A Pioneering Woman in Government, By Any Analytical Measure
Dorothy Rice played a key role in everything from the creation of Medicare to the tobacco industry settlement.
In the early 1960s, few women occupied high positions in government, fewer in the field of economics and fewer still who didn’t have a post-graduate degree. Dorothy Rice, who died late last month at age 94, was all three. As captured in recent Washington Post and New York Times obituaries, she played a major role in the 1965 creation of Medicare and paved the way for the 1998 tobacco industry settlement of the decades-old cancer wars.
Rice’s jobs as a numbers and policy analyst took her to the Social Security Administration, the National Center for Health Statistics, the Public Health Service and the Labor Department.
It was while at SSA that she wrote a seminal study on aging that threw light on the reality that half the population 65 or older had no health insurance and, in many cases, no money to purchase a product that is more needed by the elderly than the young.

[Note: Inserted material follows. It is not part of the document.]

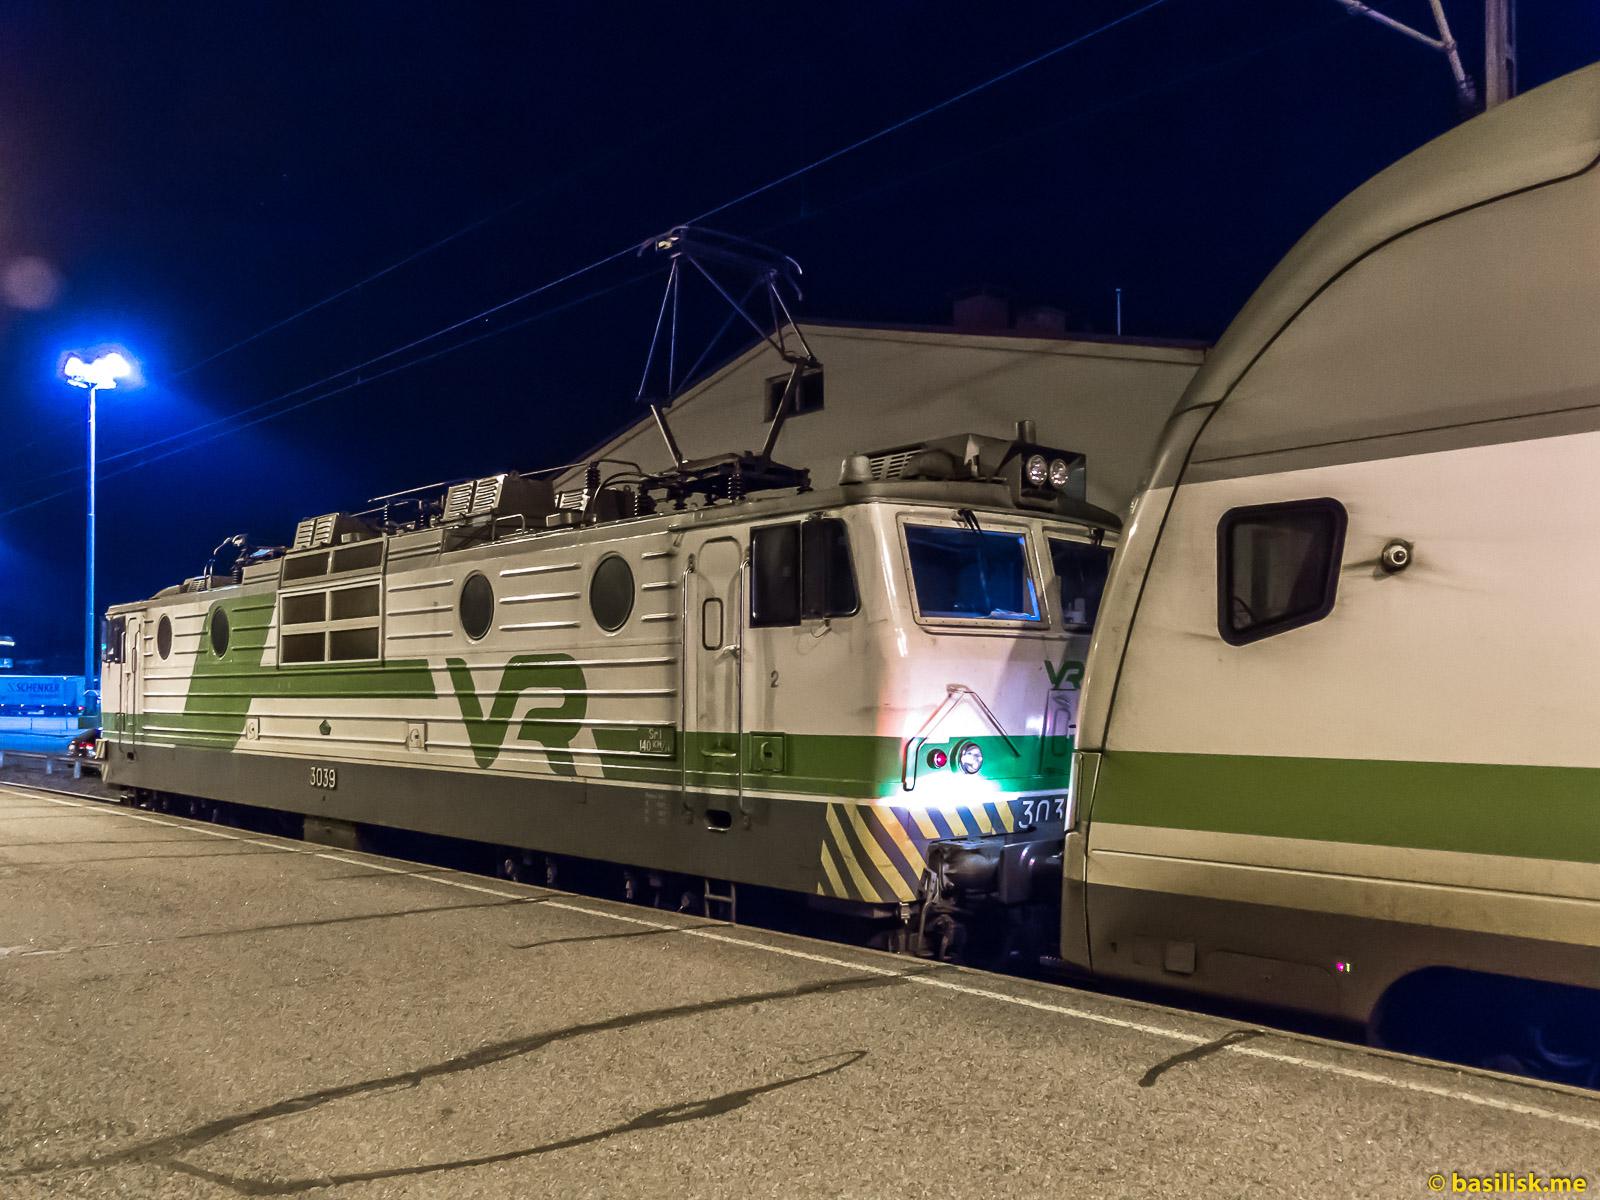 Железнодорожная станция Turun Satama. Turku Harbour train station. Порт Турку. Январь 2018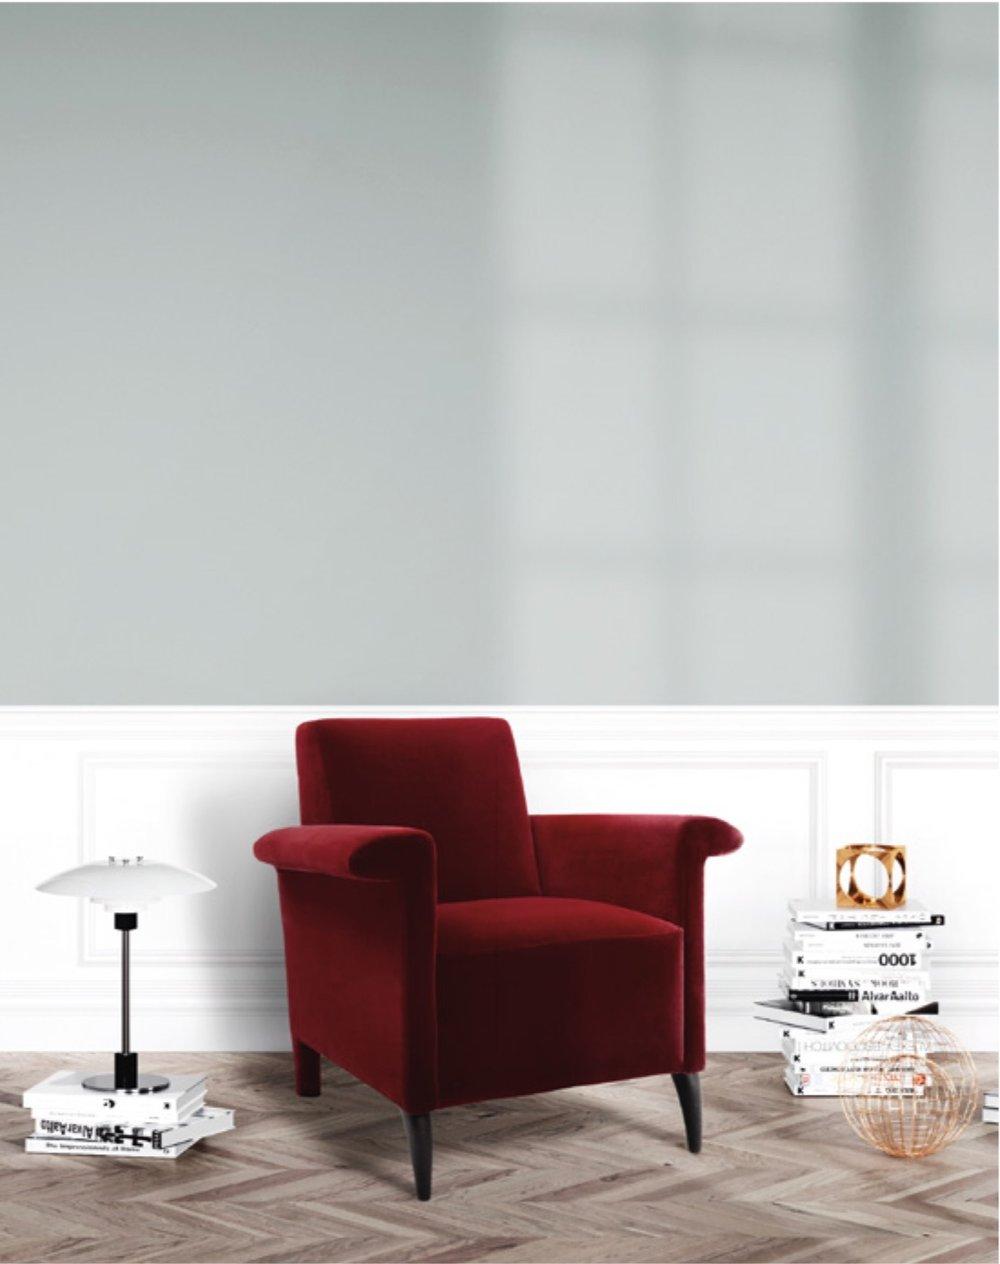 AMC 107 Italian Designer Lounge Chairs

In the 1980s, while at the University of California at San Francisco, Rice and colleagues conducted groundbreaking research documenting the cost of smoking-related illnesses. Her calculations eventually figured in the settlement agreement in which tobacco marketers agreed to pay $206 billion to states over 25 years.
When Rice studied at the University of Wisconsin, she took courses with noted economists Milton Friedman and Edwin Witte and received encouragement from her late brother, Joseph Pechman, who would go on to direct the economics program at the Brookings Institution.
The rest, you can be certain, she did on her own.